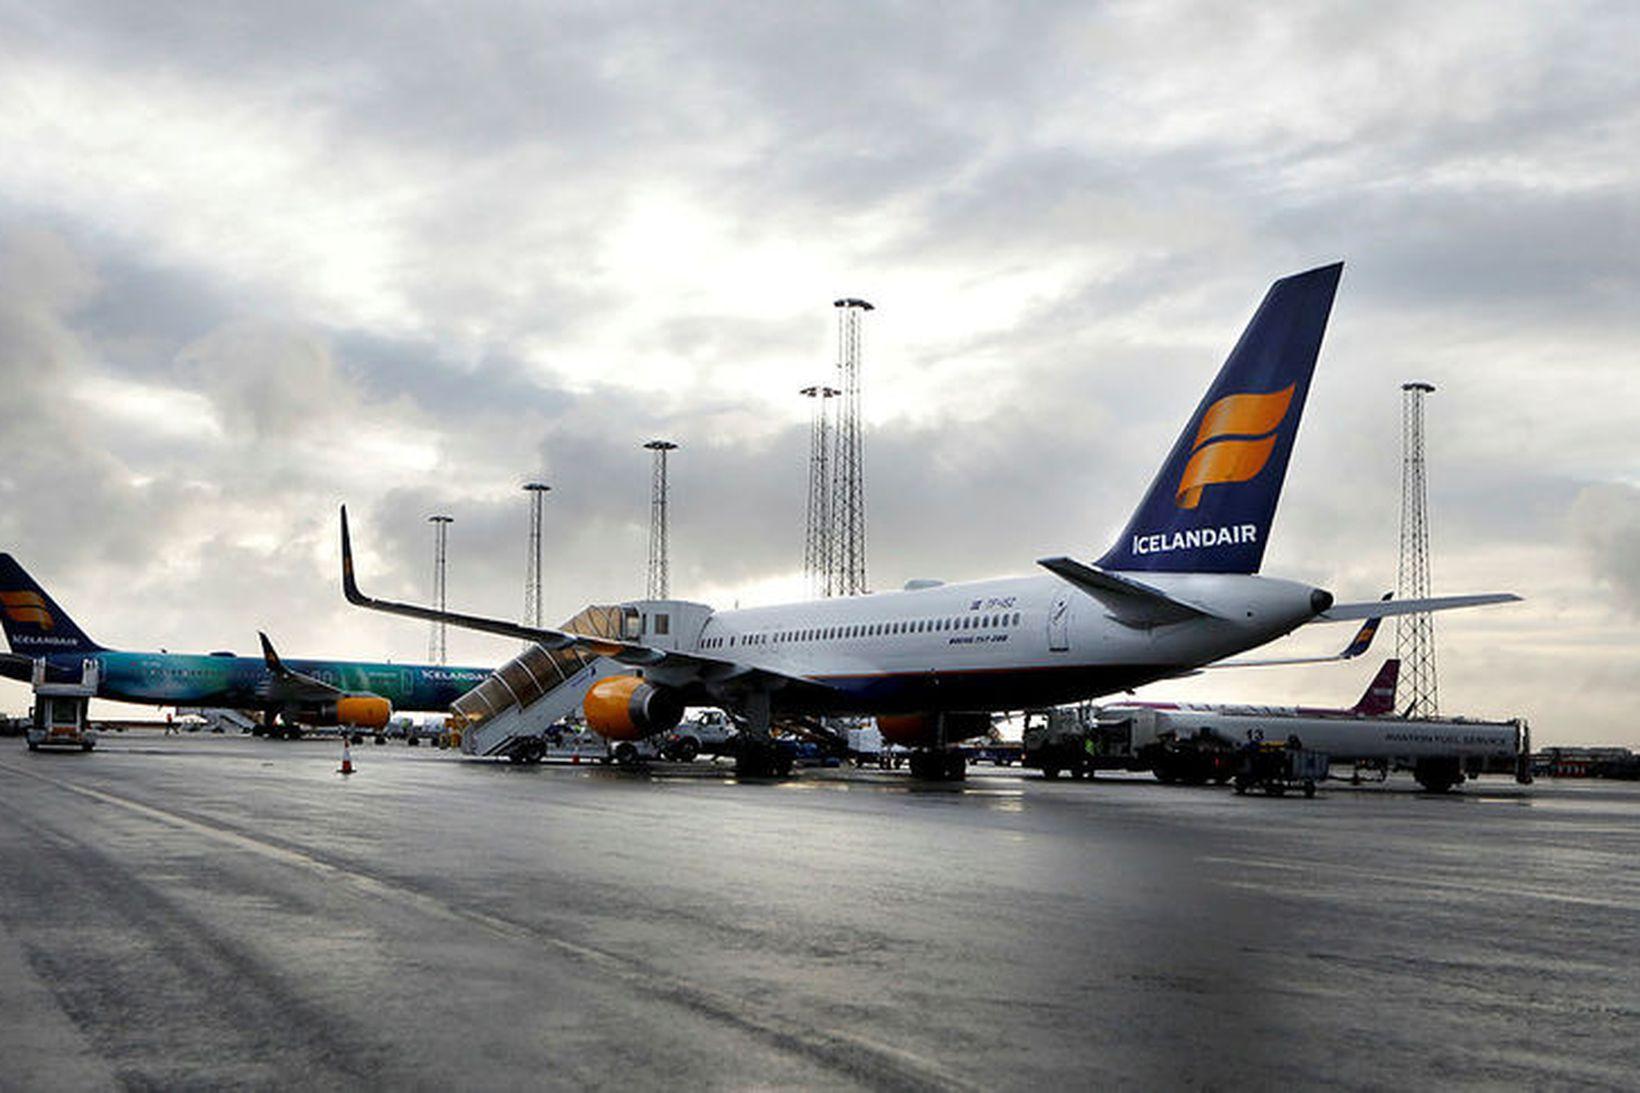 Bilun varð í vél Icelandair á leið til Arlanda-flugvallar í …
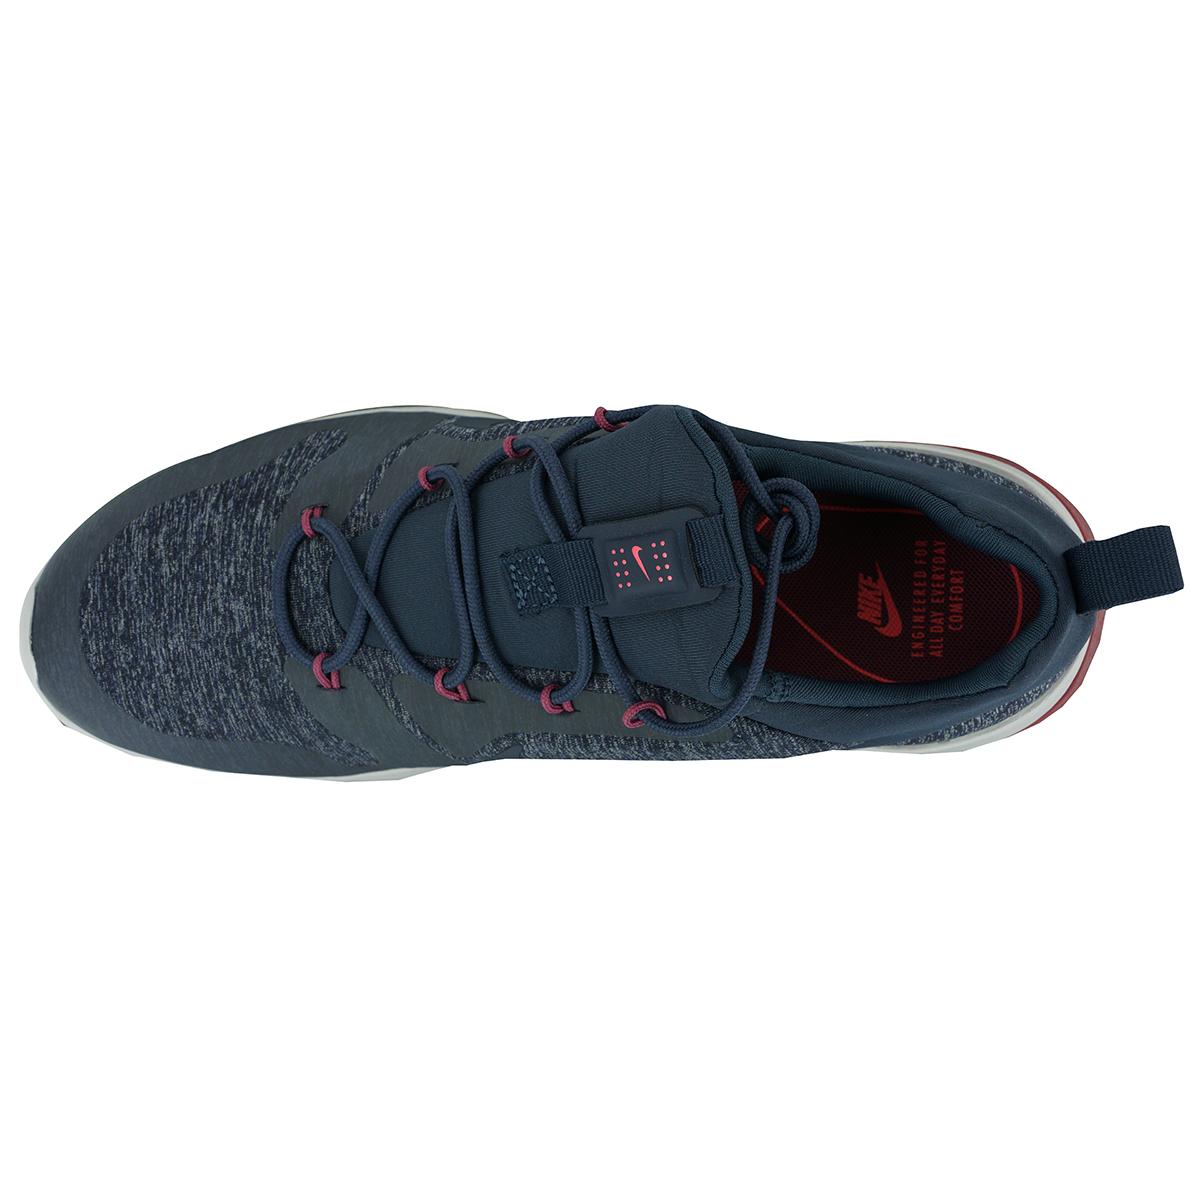 Nike-Men-039-s-CK-Racer-Shoes thumbnail 12
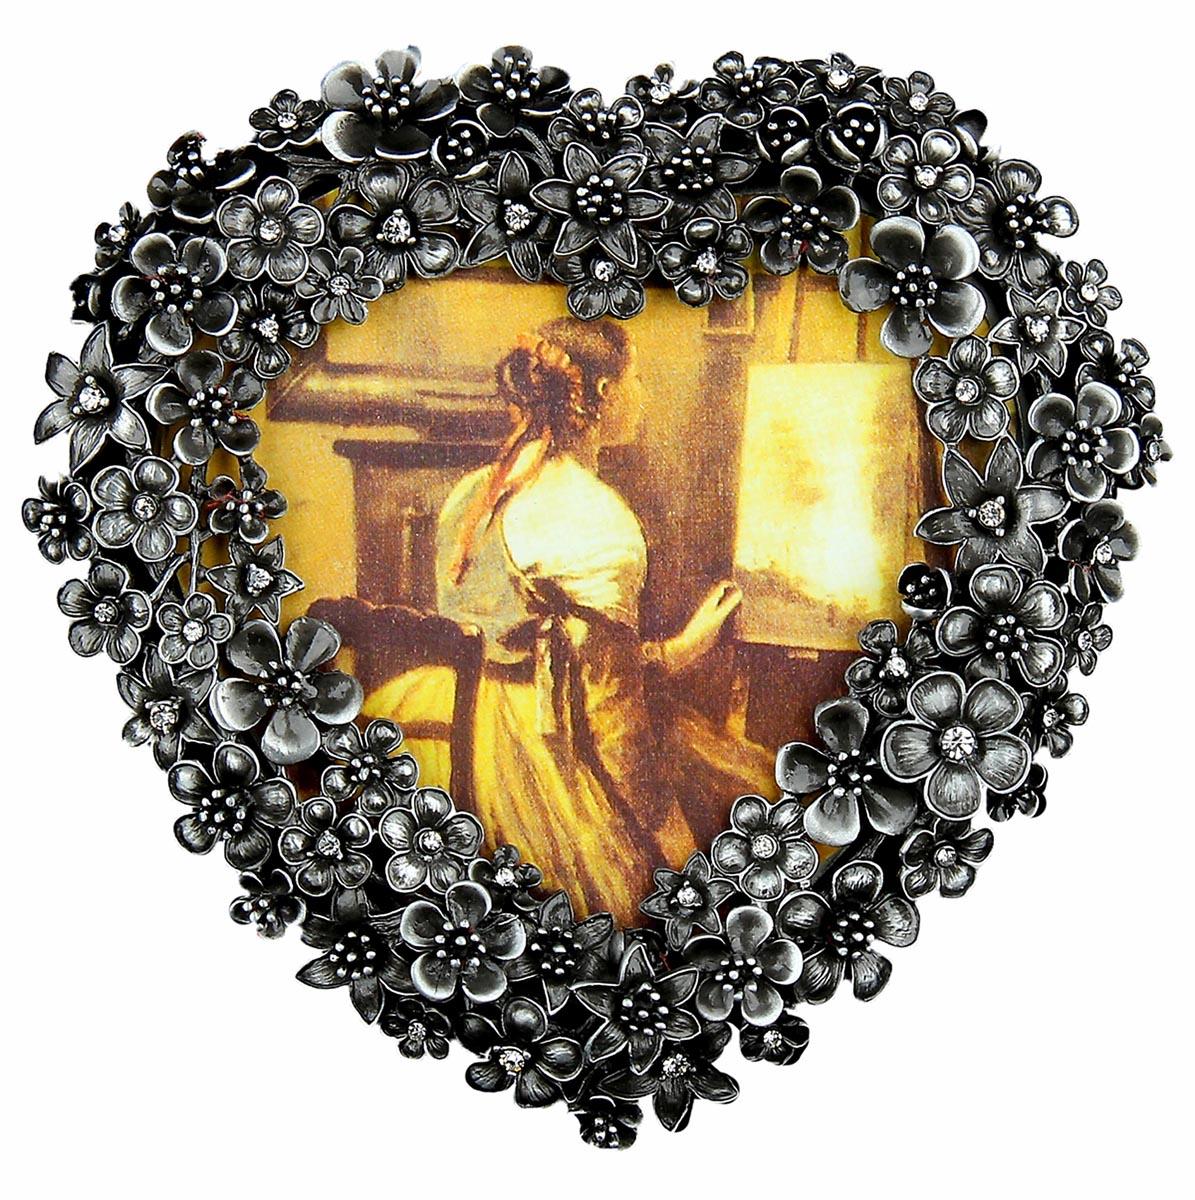 Фоторамка Цветочное сердце со стразами, 9х13 см. 10206951020695Не стоит ломать голову над тем, что подарить Вашим родным и близким, ведь, эта великолепная Фоторамка Цветочное сердце со стразами, 9х13 см будет как раз кстати. Непревзойденная форма, яркий блеск, переливающийся в лучах света и, конечно же, любимая фотография: поистине прекрасная композиция. Фоторамка которой хочется бесконечно любоваться и восхищаться!
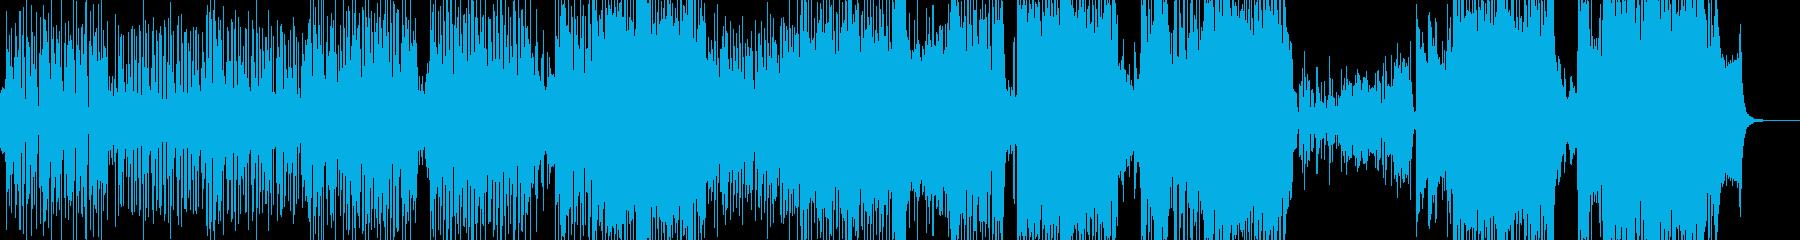 ウクレレ・南国のアコギテクノポップ ★の再生済みの波形

-----

## ABOUT THIS TASK:
An exact, picture-free copy of the listing above is the goal; write it out now.

## TASK RESULT:
 Bilun varð í vél Icelandair á leið til Arlanda-flugvallar í …
 Nike-Men-039-s-CK-Racer-Shoes thumbnail 12
 Фоторамка Цветочное сердце со стразами, 9х13 см. 10206951020695Не стоит ломать голову над тем, что подарить Вашим родным и близким, ведь, эта великолепная Фоторамка Цветочное сердце со стразами, 9х13 см будет как раз кстати. Непревзойденная форма, яркий блеск, переливающийся в лучах света и, конечно же, любимая фотография: поистине прекрасная композиция. Фоторамка которой хочется бесконечно любоваться и восхищаться!
 ウクレレ・南国のアコギテクノポップ ★の再生済みの波形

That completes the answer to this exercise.